Another suspect in the 2010 murder of Border Patrol agent Brian Terry has been arrested in Mexico, Department of Homeland Security Secretary John Kelly said in a statement Thursday.
Cartel member Heraclio Osorio-Arellanes, 38, was arrested Wednesday in Mexico by authorities there, with help from Customs and Border Patrol, Immigration and Customs Enforcement, the DEA and US Marshals, the DHS statement said.
The arrest came as part of a joint operation with US and Mexican authorities at a ranch on the border of the Mexican states of Sinaloa and Chihuahua, two federal law enforcement sources told CNN.
US authorities are working with Mexican officials now to have the suspect extradited to the United States, the sources said.
“Terry was killed in a gunfight between U.S. Border Patrol agents and members of a cartel ‘rip crew’ that regularly patrolled the desert along the U.S.-Mexico border looking for drug dealers to rob,” Kelly said. “Four members of the ‘rip crew’ have already been sentenced to jail time in the U.S. The last remaining member of the ‘rip crew’ is believed to still be at large.”
Manuel Osorio-Arellanes was one other member of the crew.
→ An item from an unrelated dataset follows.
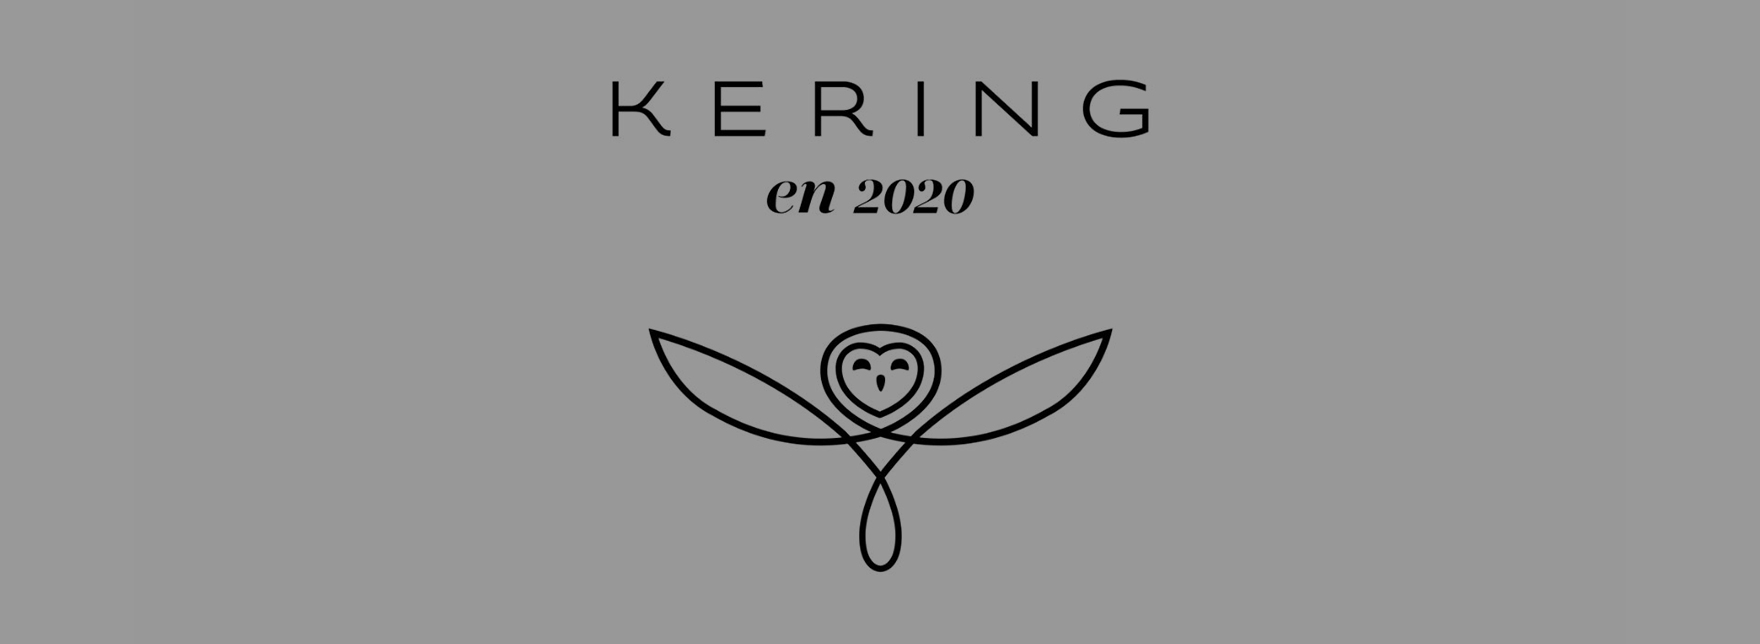 Résultats annuels 2020

He pleaded guilty in 2012 to first-degree murder in the case and was sentenced in 2014 to 30 years in prison.
Manuel Osorio-Arellanes was the first conviction in a case with a connection to the “Fast and Furious” operation the Bureau of Alcohol Tobacco Firearms and Explosives, which began in 2009 with the purpose of tracking around 2,000 weapons intended for drug cartels.
He admitted that on the night of December 14, 2010, he and four others were looking for drug traffickers to rob of marijuana.
The group encountered Terry and other Border Patrol agents along Arizona’s border with Mexico, and a gun battle broke out.
In his plea agreement, Osorio-Arellanes agreed the shot that killed Terry was fired by a member of his group, although he did not claim to have personally fired the shot or blame someone else specifically for the crime.
The Terry case has been controversial because two rifles from the “Fast and Furious” operation were found at the scene of his death. But US officials have not produced evidence proving that Terry was killed with either of those guns.